Lucius terdiam, tidak mampu membalas. Wajahnya menunduk, menunjukkan rasa takut dan malu. Teman-temannya, yang tadi mendukungnya, perlahan mundur, tidak berani ikut campur.
Sementara itu, Ferisu hanya menatap kejadian itu dengan ekspresi datar. "Kalau sudah selesai, aku lapar. Erica, Licia, ayo kita makan siang," ujarnya santai sebelum berbalik keluar dari kelas, seolah kejadian barusan bukanlah sesuatu yang besar.
Erica menggeleng pelan, sedikit kesal. "Benar-benar tidak bisa ditebak."
Licia tersenyum kecil, mengikuti langkah Ferisu. "Tapi, entah bagaimana, itu yang membuatnya menarik, bukan?"
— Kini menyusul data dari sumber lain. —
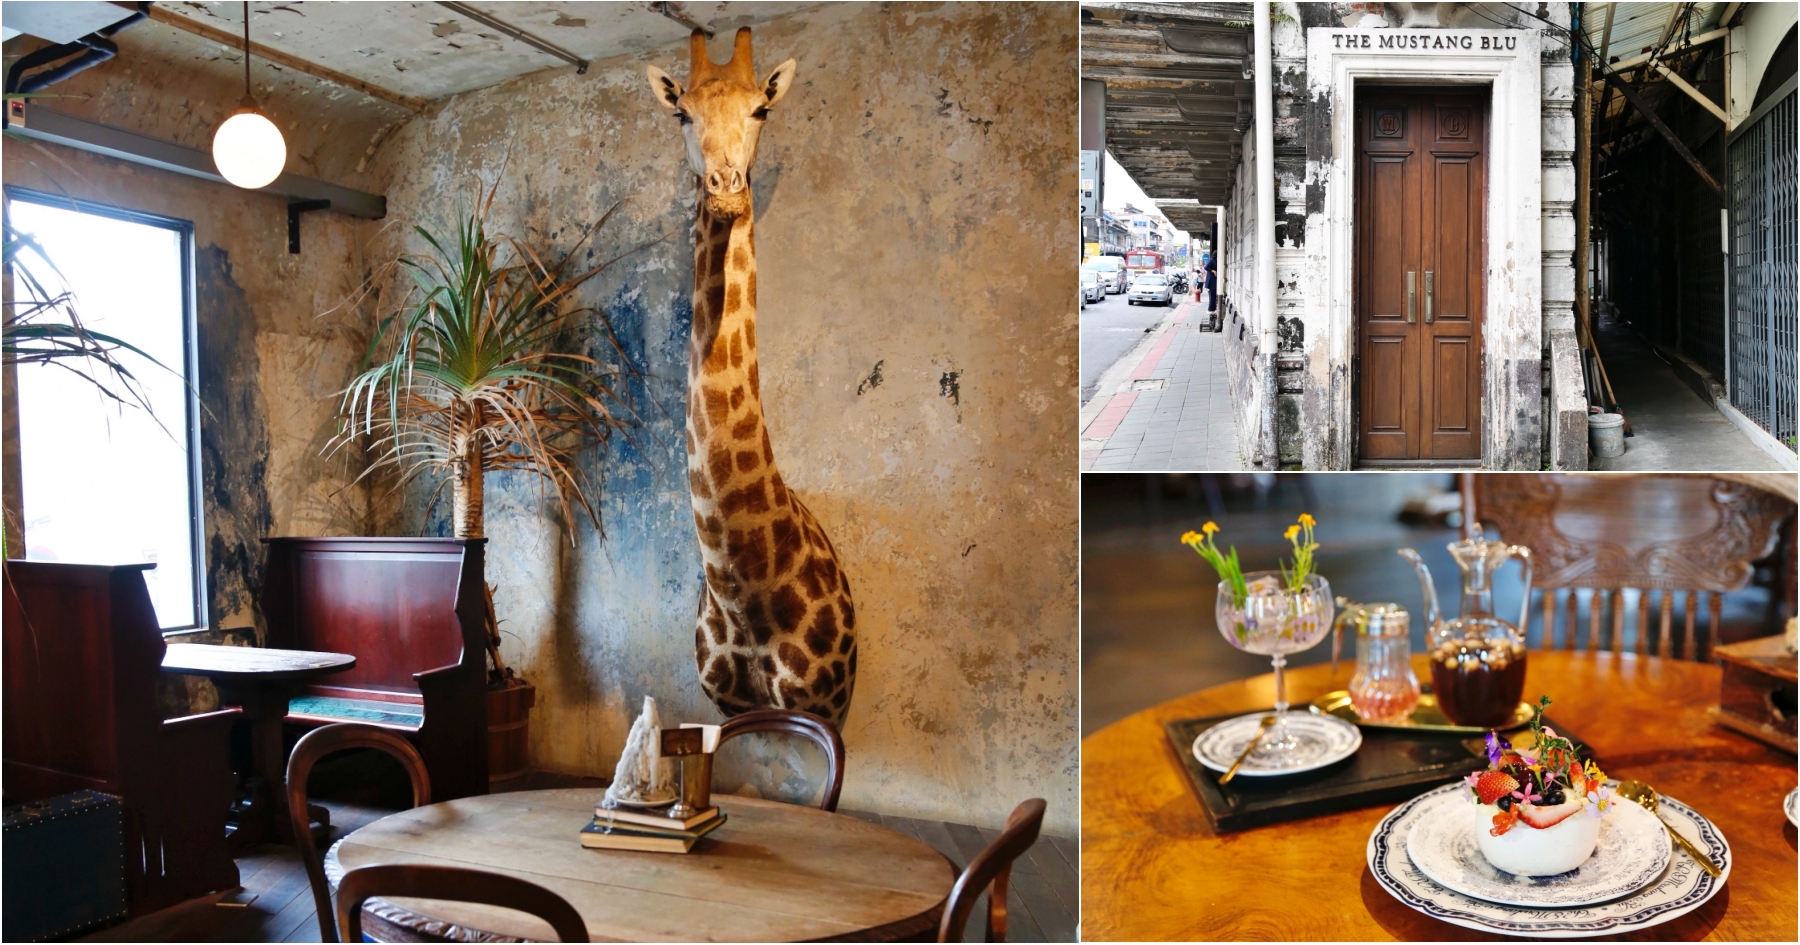 延伸閱讀：[曼谷美食]The Mustang Blu-曼谷老城區19世紀百年建築改建餐廳&精品旅館~走入博物館裡欣賞動物標本．滿滿的叢林風格

Para siswa di kelas 1-E hanya bisa terdiam, masih terkejut dengan kejadian barusan. Beberapa di antaranya mulai melihat Ferisu dengan sudut pandang yang berbeda. Mungkin, di balik sikap malasnya, ada sisi lain dari Pangeran Ketiga ini yang layak diperhatikan.
...ΩΩΩΩΩΩΩΩΩΩΩΩΩΩΩΩ...
...----------------...
...ΩΩΩΩΩΩΩΩΩΩΩΩΩΩΩΩ...
Saat di kantin, Ferisu, Licia, dan Erica menikmati makan siang mereka di sudut ruangan yang sepi, seperti biasa. Suasana tenang itu tiba-tiba berubah ketika dua orang siswa dari kelas 1-E mendatangi mereka dengan ekspresi gugup.
Salah satunya adalah siswa berambut cokelat yang sebelumnya ditindas di kelas 1-E, sementara yang lainnya adalah seorang gadis berambut pirang yang tampak canggung namun sopan.
"Pe-permisi... Pangeran, soal kejadian barusan... Saya benar-benar berterima kasih!" ucap si rambut cokelat dengan nada gugup, membungkukkan badannya dalam-dalam.
Lucy, gadis di sebelahnya, juga ikut membungkuk. "Kami sangat berterima kasih atas bantuan Anda," katanya dengan suara lembut.
Ferisu mengangkat wajahnya dari piring, memandang mereka dengan ekspresi malas seperti biasa. Ia menyandarkan tubuhnya ke kursi sambil mengamati mereka.
"Hmm..." gumam Ferisu singkat, lalu tatapannya tertuju pada si rambut cokelat. Setelah beberapa saat, ia membuka mulut. "Kau anaknya Paman tukang sate, kan?" tanyanya santai, seolah-olah kejadian sebelumnya tidak terlalu penting.
Siswa berambut cokelat itu terkejut dan mengangguk dengan cepat. "Y-ya! Nama saya Geri!" jawabnya antusias.
Ferisu mengalihkan pandangannya ke gadis pirang di sebelah Geri. "Dan kau... anaknya Bibi toko roti, kan?" tanyanya lagi.
Lucy tampak lebih terkejut dari Geri. "Y-ya, benar... Bagaimana Anda bisa tahu?" tanyanya, matanya membulat karena penasaran.
Ferisu hanya mengangkat bahunya santai. "Orang tua kalian pernah cerita," jawabnya tanpa menjelaskan lebih lanjut, lalu melirik ke arah meja kosong di dekatnya. "Lupakan itu. Cepatlah duduk. Ini waktunya makan siang, bukan waktunya berdiri seperti patung."
Geri dan Lucy saling bertukar pandang sejenak sebelum akhirnya mengangguk patuh. Mereka duduk di meja yang tak jauh dari Ferisu, meski tampak masih canggung. Sementara itu, Erica memandangi Ferisu dengan alis terangkat, merasa sedikit aneh dengan interaksi tersebut.
"Kau mengenal mereka?" tanya Erica akhirnya, sambil mengaduk teh di cangkirnya.
"Sedikit," jawab Ferisu singkat sambil kembali melanjutkan makan siangnya.
Licia tersenyum kecil, melirik ke arah Geri dan Lucy. "Kau ternyata punya sisi yang perhatian juga, ya," ucapnya, meski nada suaranya terdengar menggoda.
"Jangan salah paham. Aku hanya tidak suka melihat bangsawan yang menindas rakyat biasa," balas Ferisu sambil menyuap makanannya dengan santai.
Percakapan itu membuat Geri dan Lucy merasa lebih tenang. Mereka pun makan siang dengan lebih nyaman, meskipun mereka tahu bahwa di depan mereka duduk seseorang yang jauh dari kesan "Pangeran Sampah" seperti yang sering mereka dengar dari rumor di akademi.